> _Supplied information_:
—————
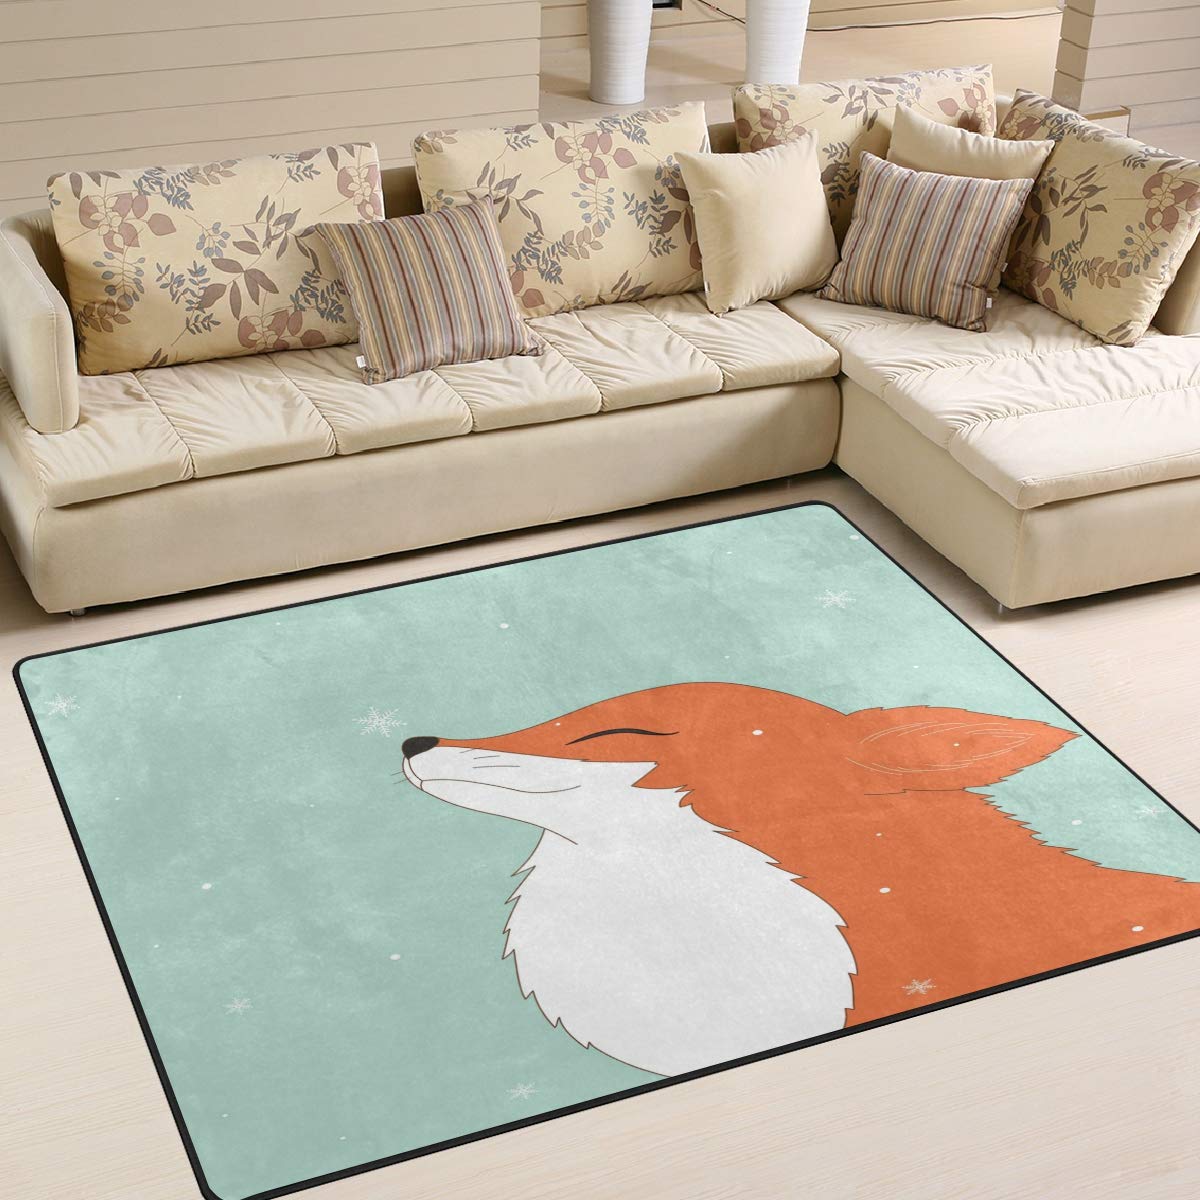 Use7 Teppich mit Cartoon-Fuchs-Motiv, für Wohnzimmer, Schlafzimmer, 203 x 147,3 cm
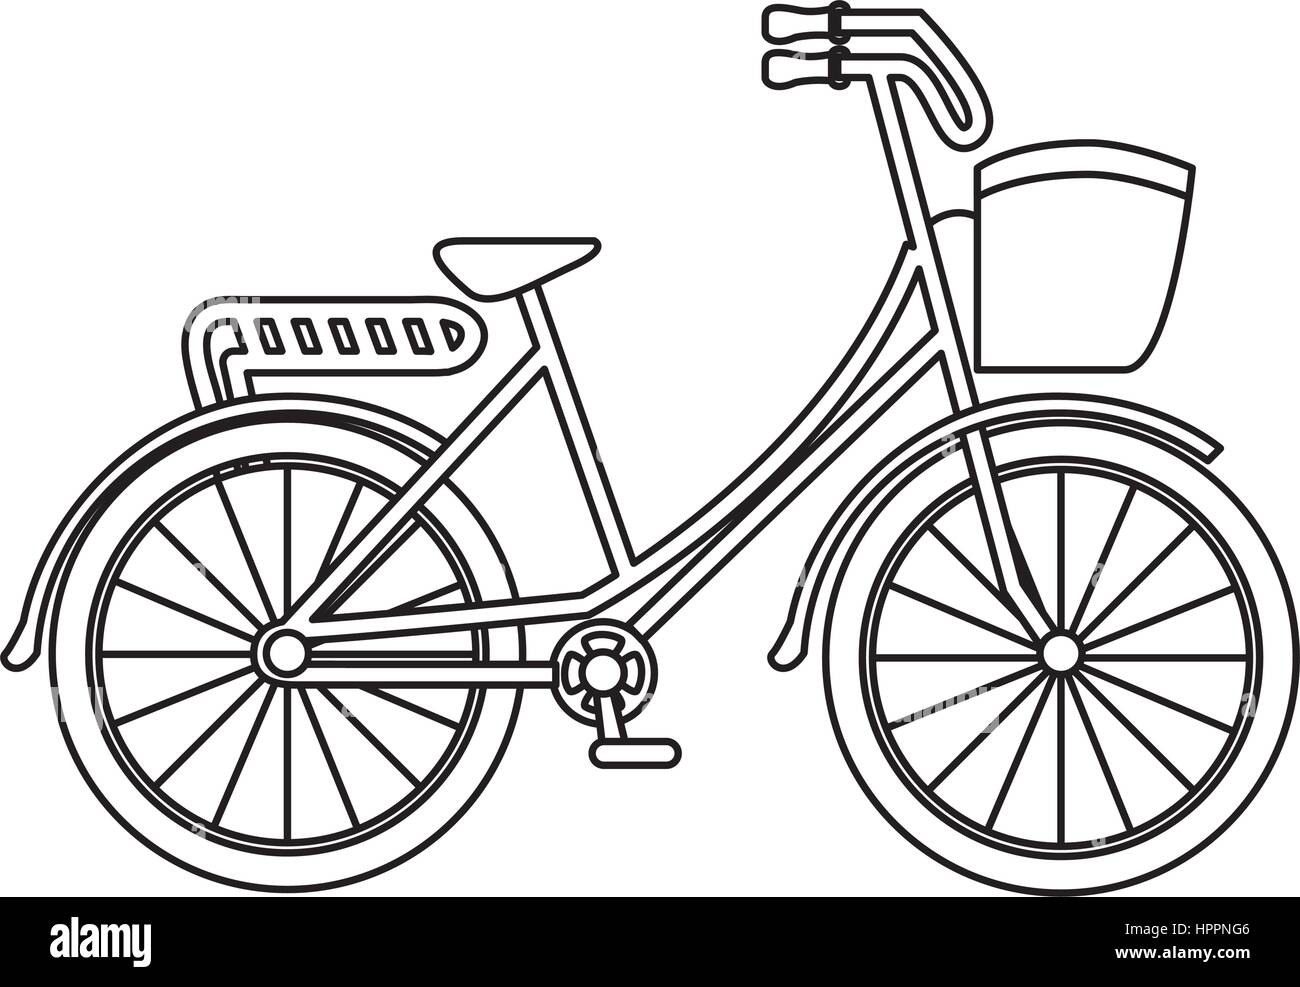 Disegno Della Bicicletta Immagini senza sfondo e Foto Stock ritagliate -  Alamy
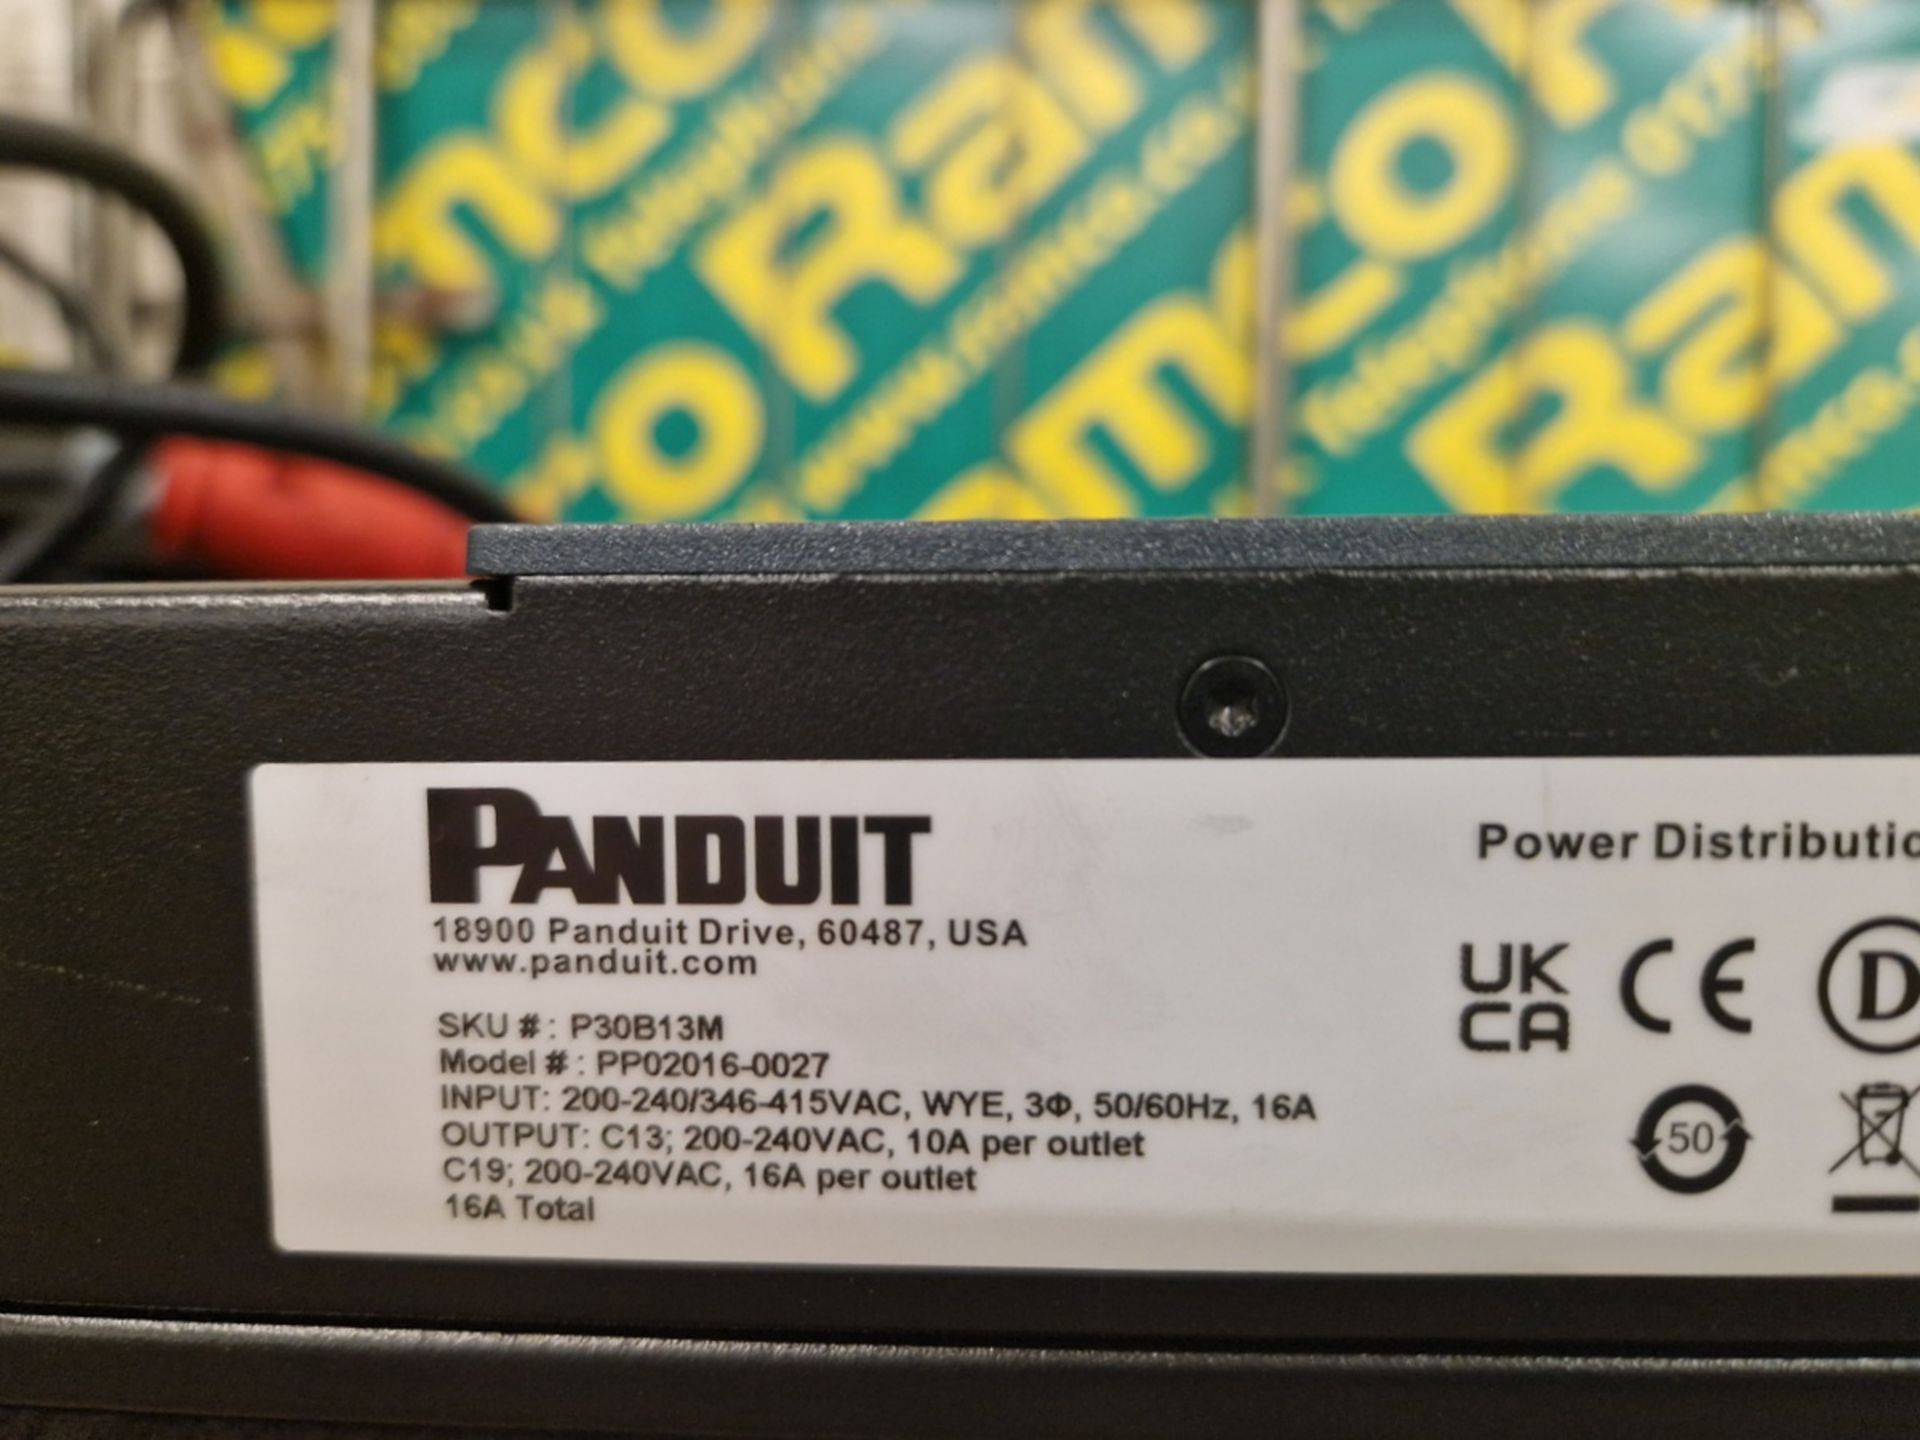 5x Panduit P30B13M - 24x C13, 6x C19 sockets - L 1530 x W 50 x H 50mm - Bild 4 aus 6
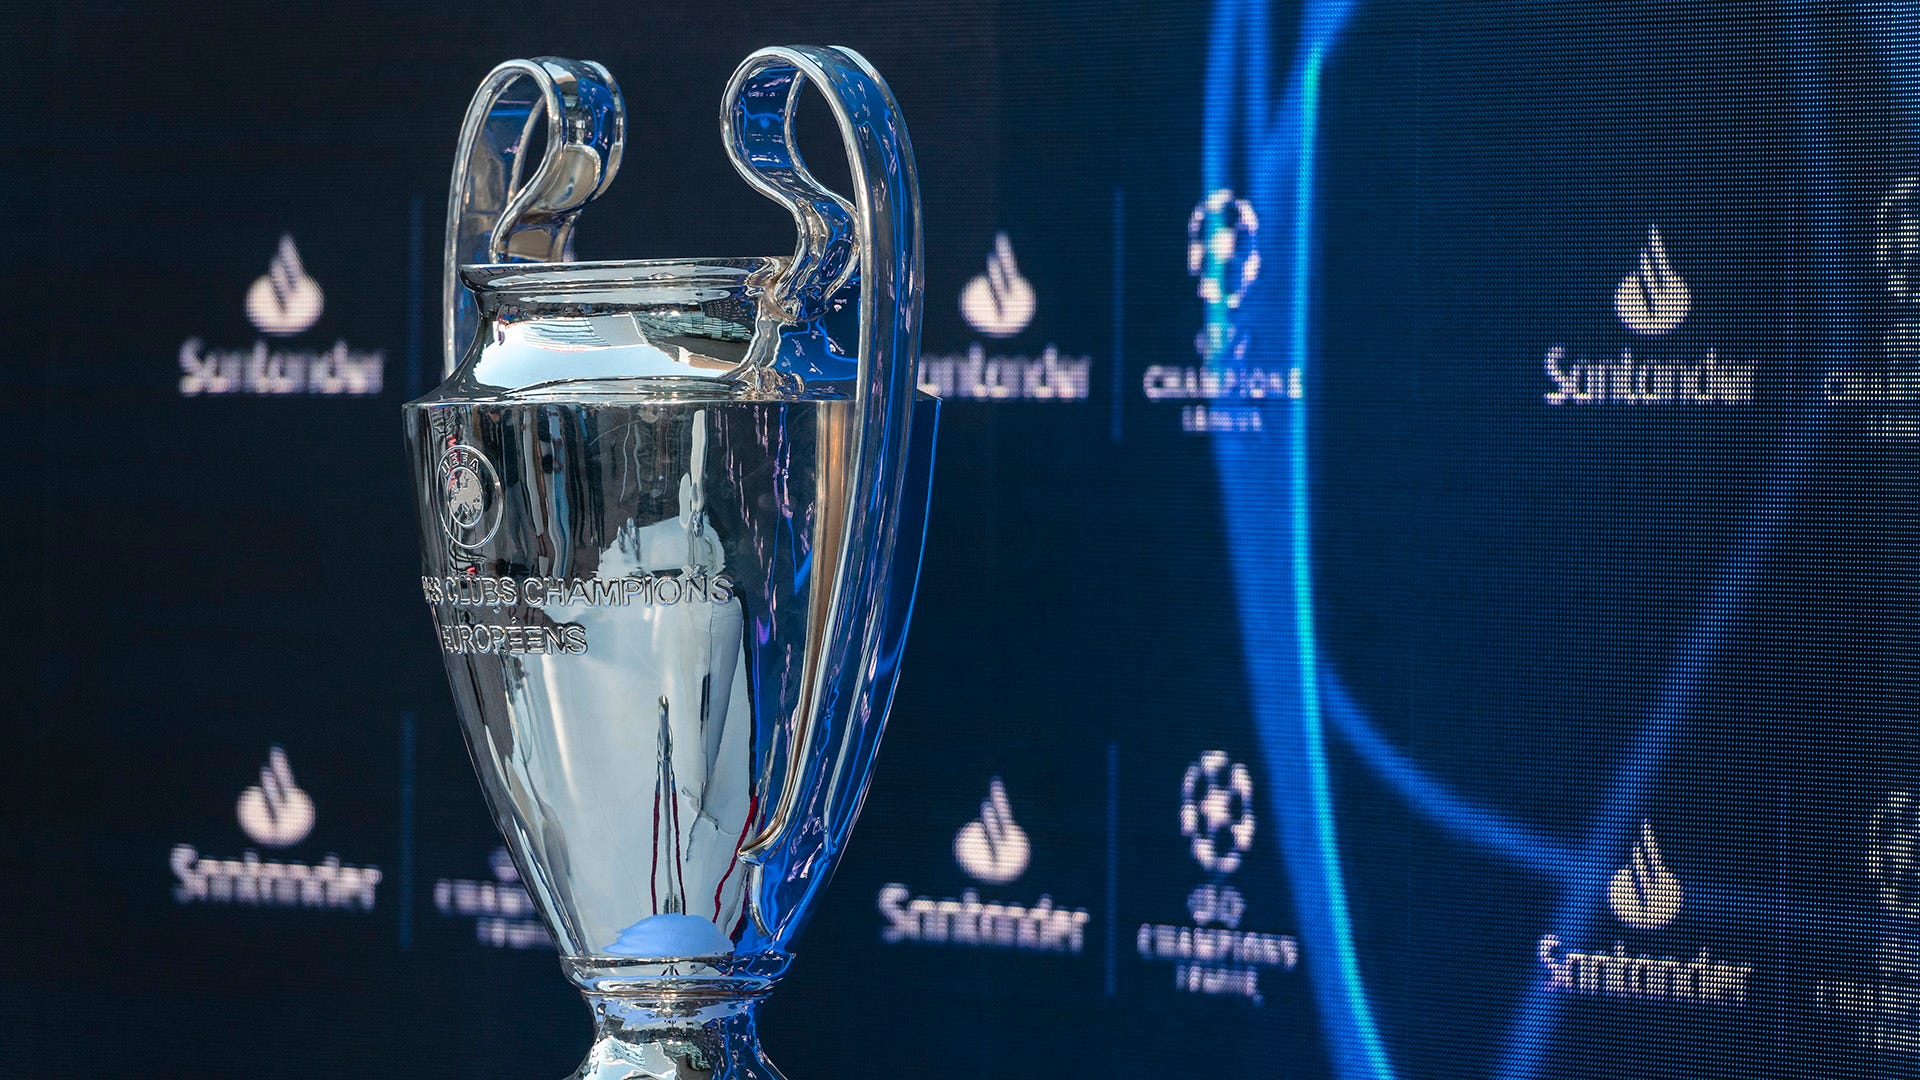 Qual é a premiação em dinheiro da Champions League?
—————
> _Your objective_:
The whole listing above is to be printed exactly; the pictures stay out.

> _Reply_:
 Use7 Teppich mit Cartoon-Fuchs-Motiv, für Wohnzimmer, Schlafzimmer, 203 x 147,3 cm
 Disegno Della Bicicletta Immagini senza sfondo e Foto Stock ritagliate -  Alamy
 5x Panduit P30B13M - 24x C13, 6x C19 sockets - L 1530 x W 50 x H 50mm - Bild 4 aus 6
 Qual é a premiação em dinheiro da Champions League?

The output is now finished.